Background: Intravesical bacillus Calmette-Guerin (BCG) is widely used in the management of bladder cancer but because it is a living organism, local and disseminated infection may result.
Methods: A prospective assessment of complications of this therapy in 200 patients in Queensland was performed. A review of management of complications of intravesical BCG was also carried out.

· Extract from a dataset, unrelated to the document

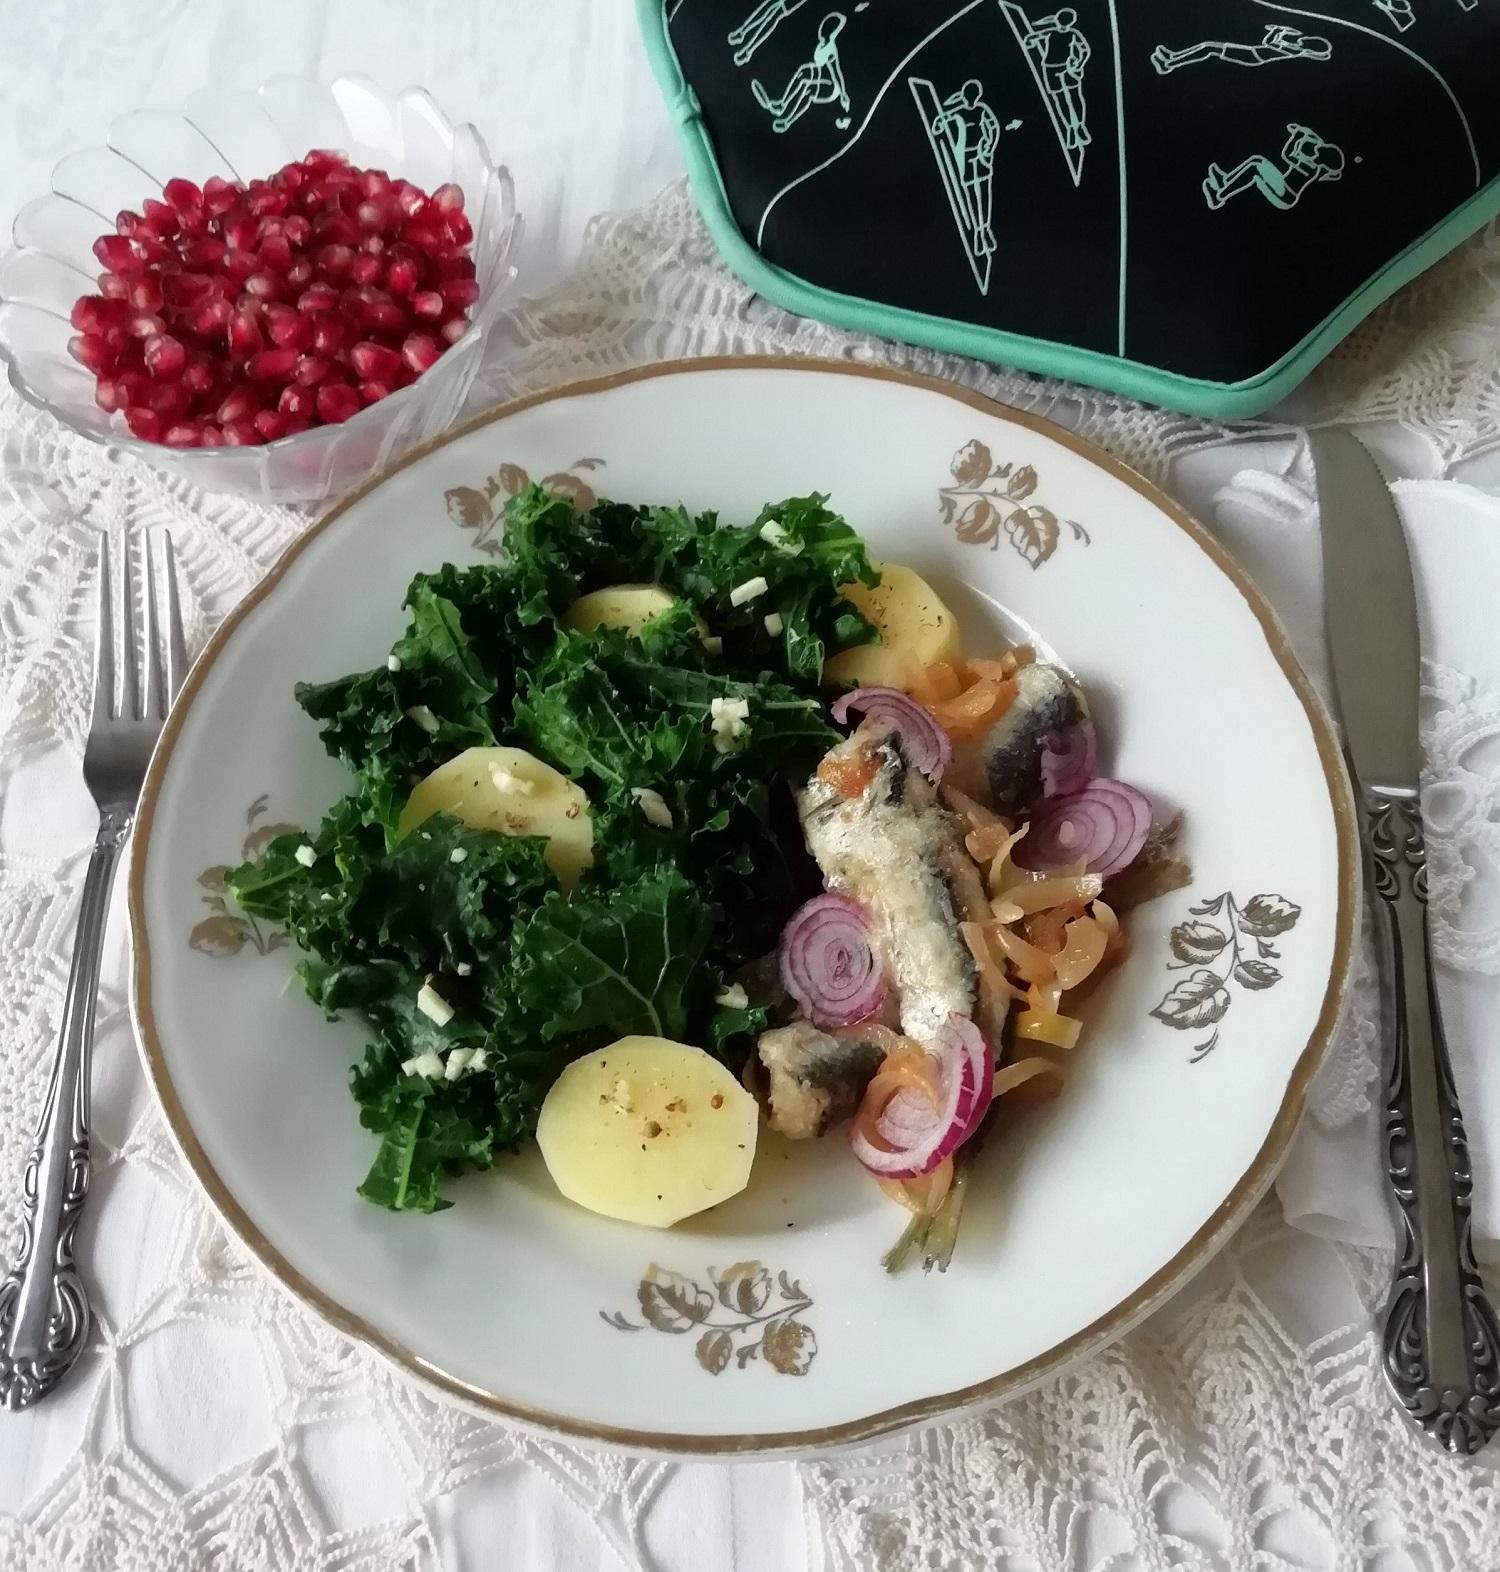 Kvalitetan obrok nakon treninga uključuje bjelančevine, ugljikohidrate, vitamine, mineralne tvari, vodu...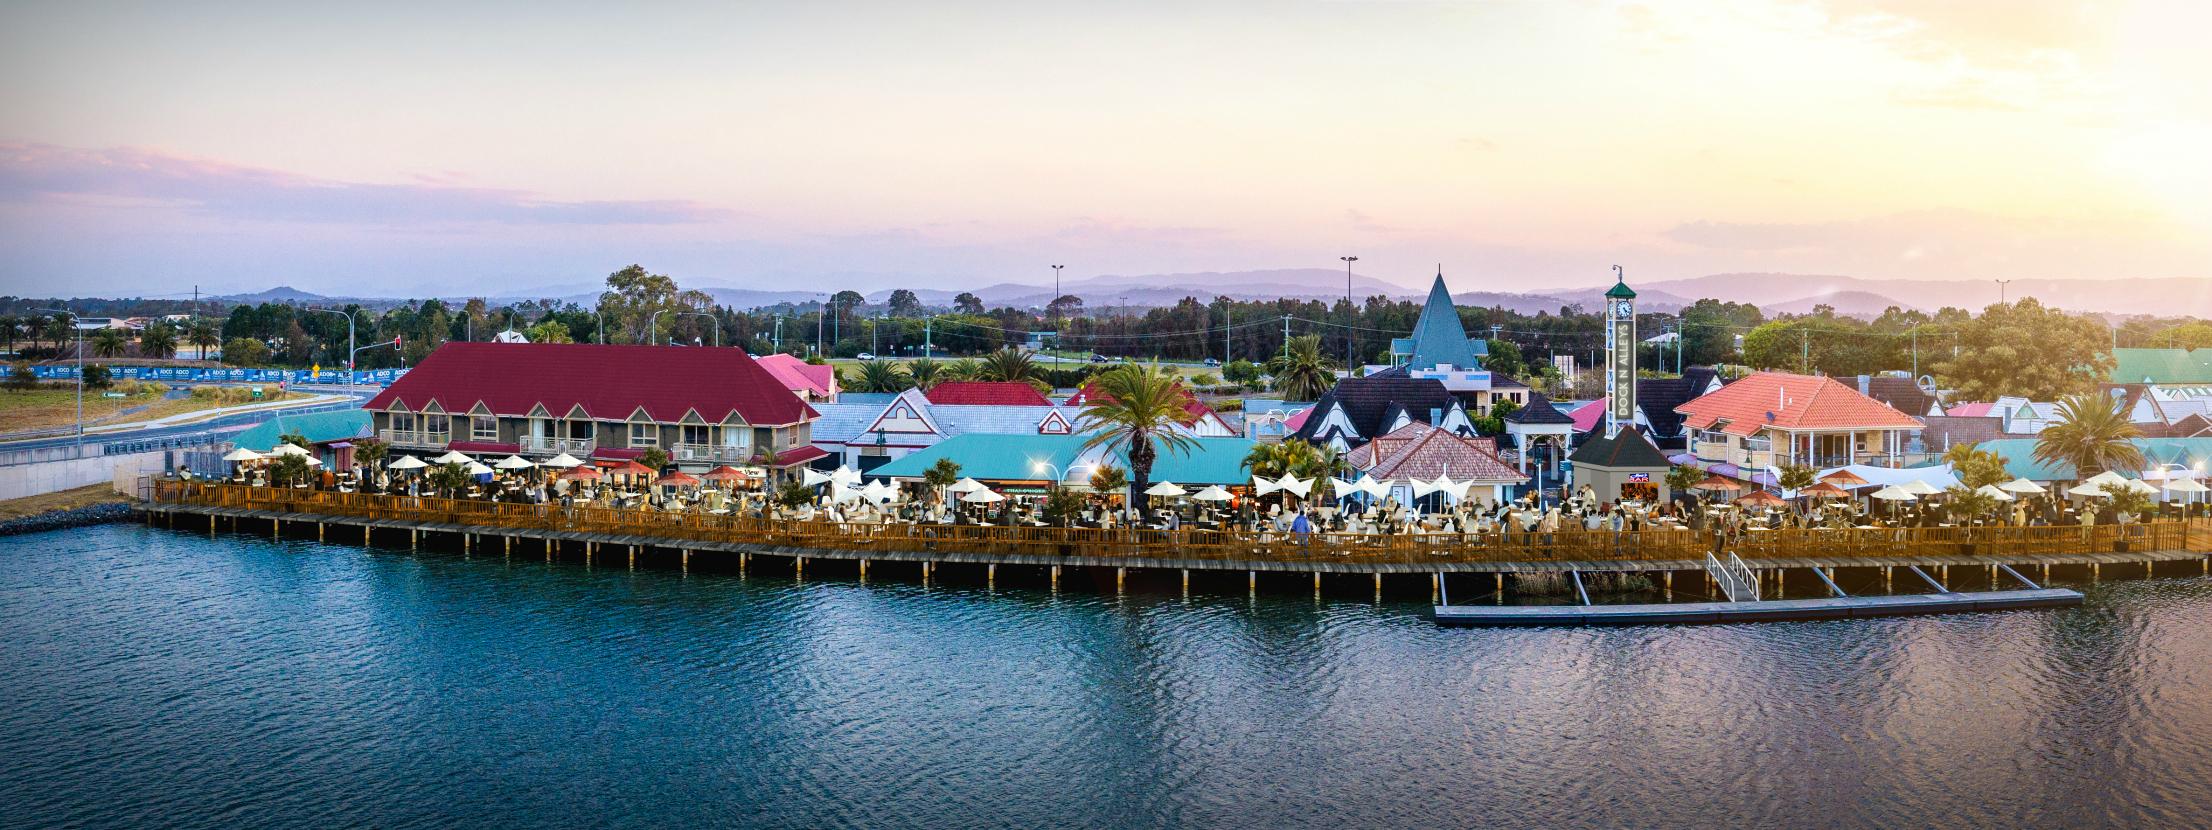 Waterfront - Med.jpg

Results: Major side effects were rare. Cystitis was the most common side effect, being seen to some degree in all patients, although only forcing cessation of BCG therapy in two patients. Two patients developed persistent cystitis necessitating institution of isoniazid and rifampicin. Two patients had culture-proven bladder infection that presented several months after the BCG treatment. These patients also responded to two-drug antituberculous therapy. While low-grade fever is very common with this therapy, seven patients (3.5%) had fevers of > 39 degrees C within 48 h of receiving BCG. Fevers may be an indication of severe disseminated mycobacterial infection, which has a high mortality, so it needs to be treated aggressively. Alternatively bacterial sepsis with gram-negative bacterial pathogens or a hypersensitivity reaction to BCG may cause this degree of fever, and cannot be rapidly distinguished from fulminant mycobacterial infection. One patient in the present series developed pneumonia attributed to mycobacterial dissemination.
Conclusions: The key to appropriate management of complications of BCG therapy is awareness of their possibility, even months or years after the therapy has been given. Appropriate empirical therapy in acute situations and mycobacterial culture in chronic situations can then be performed.